Exercise details = The response must consist of the complete listing below, reproduced without alteration.

• • • • • • •

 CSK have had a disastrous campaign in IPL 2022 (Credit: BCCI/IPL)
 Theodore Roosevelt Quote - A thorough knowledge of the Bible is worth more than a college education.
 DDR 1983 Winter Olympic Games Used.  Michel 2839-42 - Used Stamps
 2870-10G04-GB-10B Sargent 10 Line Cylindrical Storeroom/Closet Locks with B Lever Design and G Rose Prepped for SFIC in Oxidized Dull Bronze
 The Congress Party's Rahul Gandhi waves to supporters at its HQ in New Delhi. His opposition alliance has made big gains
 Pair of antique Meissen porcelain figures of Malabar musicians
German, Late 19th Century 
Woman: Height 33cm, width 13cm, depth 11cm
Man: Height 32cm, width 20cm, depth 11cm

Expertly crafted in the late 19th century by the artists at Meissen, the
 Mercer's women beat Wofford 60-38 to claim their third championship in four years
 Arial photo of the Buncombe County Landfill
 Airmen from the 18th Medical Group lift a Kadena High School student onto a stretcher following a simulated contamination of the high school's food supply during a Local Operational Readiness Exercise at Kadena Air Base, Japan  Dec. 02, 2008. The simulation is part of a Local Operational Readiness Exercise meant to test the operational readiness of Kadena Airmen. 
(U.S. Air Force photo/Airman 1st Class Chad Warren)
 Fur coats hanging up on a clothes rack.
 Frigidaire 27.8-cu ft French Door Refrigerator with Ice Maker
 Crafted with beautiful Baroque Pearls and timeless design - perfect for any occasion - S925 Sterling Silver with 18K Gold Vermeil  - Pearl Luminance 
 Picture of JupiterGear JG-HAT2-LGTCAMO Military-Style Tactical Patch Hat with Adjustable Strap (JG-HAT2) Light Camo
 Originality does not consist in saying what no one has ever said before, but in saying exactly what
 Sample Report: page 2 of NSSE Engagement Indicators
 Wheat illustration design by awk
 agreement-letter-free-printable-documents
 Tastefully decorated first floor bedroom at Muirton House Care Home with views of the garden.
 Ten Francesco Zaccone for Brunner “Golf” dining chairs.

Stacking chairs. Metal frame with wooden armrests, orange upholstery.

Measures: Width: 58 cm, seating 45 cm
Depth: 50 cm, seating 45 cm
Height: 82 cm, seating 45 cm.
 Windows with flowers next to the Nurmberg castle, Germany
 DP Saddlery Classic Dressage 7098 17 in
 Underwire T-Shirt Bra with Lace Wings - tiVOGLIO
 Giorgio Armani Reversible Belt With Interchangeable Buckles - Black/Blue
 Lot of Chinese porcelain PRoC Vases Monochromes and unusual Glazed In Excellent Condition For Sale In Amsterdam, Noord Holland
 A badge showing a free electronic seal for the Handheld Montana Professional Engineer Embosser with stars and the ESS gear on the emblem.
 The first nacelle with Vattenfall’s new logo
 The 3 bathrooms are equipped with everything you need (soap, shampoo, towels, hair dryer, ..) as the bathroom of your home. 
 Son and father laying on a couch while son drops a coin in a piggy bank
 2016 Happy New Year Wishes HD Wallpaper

• • • • • • •

Completed task =
 CSK have had a disastrous campaign in IPL 2022 (Credit: BCCI/IPL)
 Theodore Roosevelt Quote - A thorough knowledge of the Bible is worth more than a college education.
 DDR 1983 Winter Olympic Games Used.  Michel 2839-42 - Used Stamps
 2870-10G04-GB-10B Sargent 10 Line Cylindrical Storeroom/Closet Locks with B Lever Design and G Rose Prepped for SFIC in Oxidized Dull Bronze
 The Congress Party's Rahul Gandhi waves to supporters at its HQ in New Delhi. His opposition alliance has made big gains
 Pair of antique Meissen porcelain figures of Malabar musicians
German, Late 19th Century 
Woman: Height 33cm, width 13cm, depth 11cm
Man: Height 32cm, width 20cm, depth 11cm

Expertly crafted in the late 19th century by the artists at Meissen, the
 Mercer's women beat Wofford 60-38 to claim their third championship in four years
 Arial photo of the Buncombe County Landfill
 Airmen from the 18th Medical Group lift a Kadena High School student onto a stretcher following a simulated contamination of the high school's food supply during a Local Operational Readiness Exercise at Kadena Air Base, Japan  Dec. 02, 2008. The simulation is part of a Local Operational Readiness Exercise meant to test the operational readiness of Kadena Airmen. 
(U.S. Air Force photo/Airman 1st Class Chad Warren)
 Fur coats hanging up on a clothes rack.
 Frigidaire 27.8-cu ft French Door Refrigerator with Ice Maker
 Crafted with beautiful Baroque Pearls and timeless design - perfect for any occasion - S925 Sterling Silver with 18K Gold Vermeil  - Pearl Luminance 
 Picture of JupiterGear JG-HAT2-LGTCAMO Military-Style Tactical Patch Hat with Adjustable Strap (JG-HAT2) Light Camo
 Originality does not consist in saying what no one has ever said before, but in saying exactly what
 Sample Report: page 2 of NSSE Engagement Indicators
 Wheat illustration design by awk
 agreement-letter-free-printable-documents
 Tastefully decorated first floor bedroom at Muirton House Care Home with views of the garden.
 Ten Francesco Zaccone for Brunner “Golf” dining chairs.

Stacking chairs. Metal frame with wooden armrests, orange upholstery.

Measures: Width: 58 cm, seating 45 cm
Depth: 50 cm, seating 45 cm
Height: 82 cm, seating 45 cm.
 Windows with flowers next to the Nurmberg castle, Germany
 DP Saddlery Classic Dressage 7098 17 in
 Underwire T-Shirt Bra with Lace Wings - tiVOGLIO
 Giorgio Armani Reversible Belt With Interchangeable Buckles - Black/Blue
 Lot of Chinese porcelain PRoC Vases Monochromes and unusual Glazed In Excellent Condition For Sale In Amsterdam, Noord Holland
 A badge showing a free electronic seal for the Handheld Montana Professional Engineer Embosser with stars and the ESS gear on the emblem.
 The first nacelle with Vattenfall’s new logo
 The 3 bathrooms are equipped with everything you need (soap, shampoo, towels, hair dryer, ..) as the bathroom of your home. 
 Son and father laying on a couch while son drops a coin in a piggy bank
 2016 Happy New Year Wishes HD Wallpaper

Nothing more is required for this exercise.